Gasta, mas fala diferente

“É proibido gastar.”

Tendo sido empossado como presidente em exercício, José Sarney leu o discurso preparado por Tancredo Neves para a primeira reunião ministerial do novo governo, em 19/03/1985. Ficou para a história a frase “é proibido gastar”, supostamente indicando um governo austero. No entanto, lendo o parágrafo anterior, podemos observar que a ordem valeria enquanto os ministros não fizessem um diagnóstico em suas pastas, de modo a identificar investimentos com o objetivo de promover o “desenvolvimento econômico com a geração de empregos”.

Lula segue a tradição. Mas, em tempos de redes sociais, aggiorna a mensagem. No melhor estilo “vendedor de curso on line”, pede para os ministros trocarem a palavra “gasto” por “investimento”. Assim, o “é proibido gastar” se torna “é proibido usar a palavra gastar”. O efeito final é o mesmo. Afinal, que ministro admitiria que seus gastos não são “investimento”? Isso vale tanto para 1985 quanto para 2023.

Tancredo, no entanto, encontrou um quadro bem diferente do que temos hoje, em termos de transparência das contas públicas. Tendo que lidar com uma inflação anual de 3 dígitos e verdadeiras máquinas paralelas de impressão de dinheiro, como o Banco do Brasil e os bancos estaduais, Tancredo não tinha como saber o buraco em que se metera. Lula não tem essa desculpa. Depois de décadas de reformas, sabemos, com razoável precisão, de onde vem e para onde vai o dinheiro público. Se o “investir” de Tancredo precisava ser antecedido por um diagnóstico financeiro de suas pastas por parte dos ministros, no caso de Lula, o diagnóstico já está feito. Em ambos os casos, no entanto, o “investimento para gerar o desenvolvimento” sempre se justifica.
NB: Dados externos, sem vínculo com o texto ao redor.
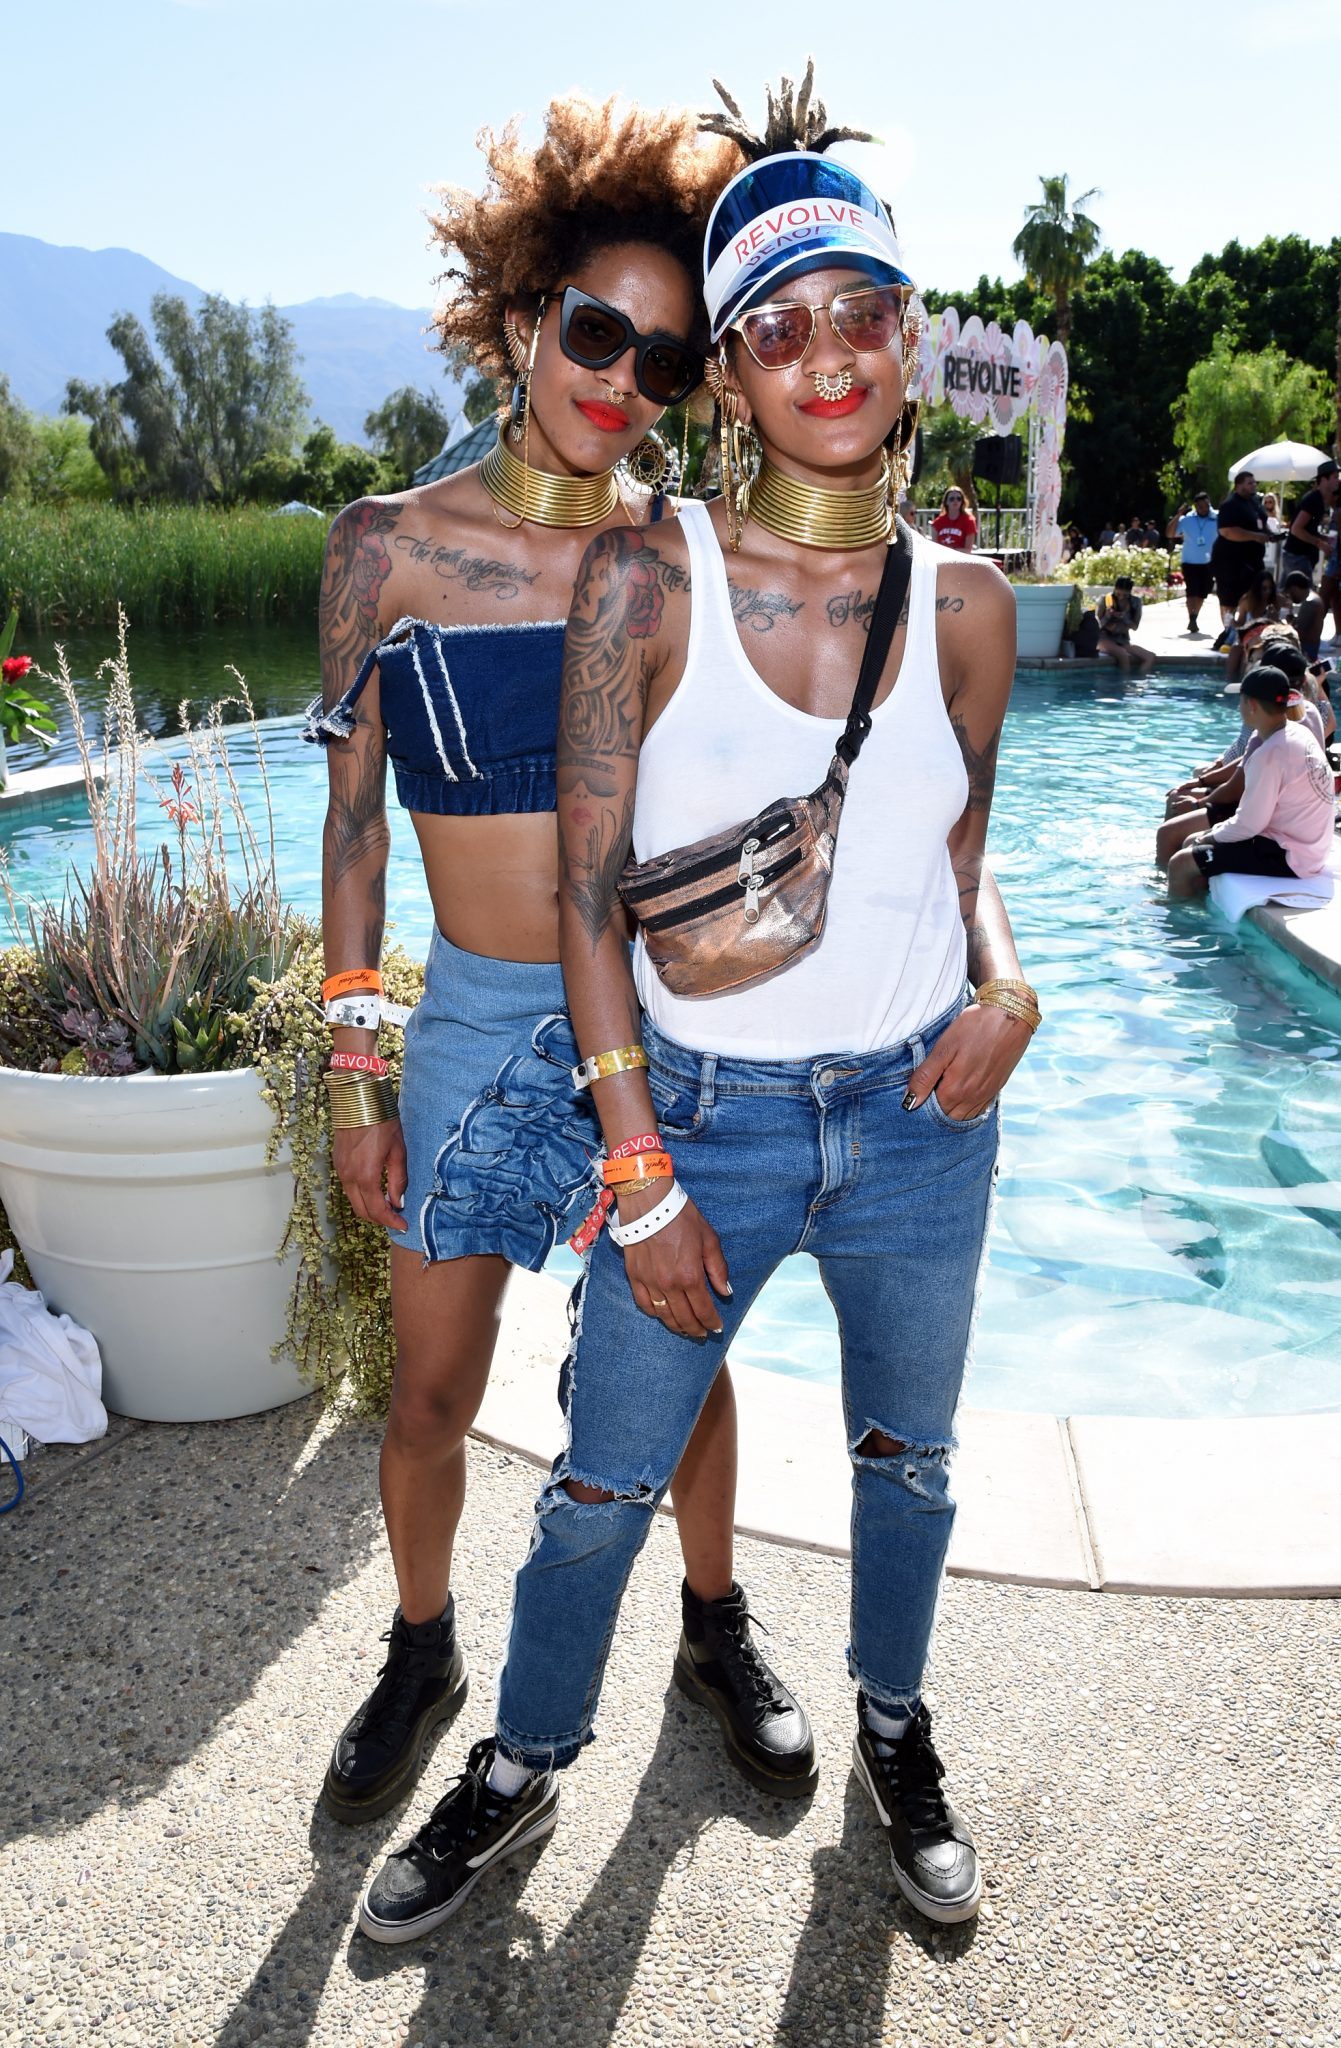 Day 2 Revolve Festival At Coachella With Moët & Chandon

O “é proibido usar a palavra gastar” de Lula nos dá a impressão de que andamos em círculos nesses últimos 40 anos, sempre em busca do “investimento que gerará o desenvolvimento”. A julgar pela perda de relevância do nosso PIB em relação ao PIB global nesse período, não se trata só de uma impressão.

Coincidências

No dia 20/03/85, o então presidente Tancredo Neves foi submetido a uma 2a cirurgia de emergência, para retirar “aderências” do intestino delgado.

Coincidentemente, no último dia 12, Bolsonaro também passou por uma 2a cirurgia de emergência, para retirar “aderências” do intestino delgado.

Espero, com toda sinceridade do mundo, que as coincidências parem por aí.

Tancredo e Bolsonaro

Fui assistir hoje “Tancredo: o paciente”. O filme retrata os últimos dias de Tancredo Neves no hospital, desde a sua internação até a sua morte, em 21/04/1985. O filme é muito bom, tem ótimo ritmo e excelentes interpretações. Vale muito a pena, principalmente para nós que vivemos aqueles tempos.

Grande parte da trama se dá em torno da tentativa de esconder do país o verdadeiro estado do presidente eleito. Não sei porque, lembrei-me de Bolsonaro.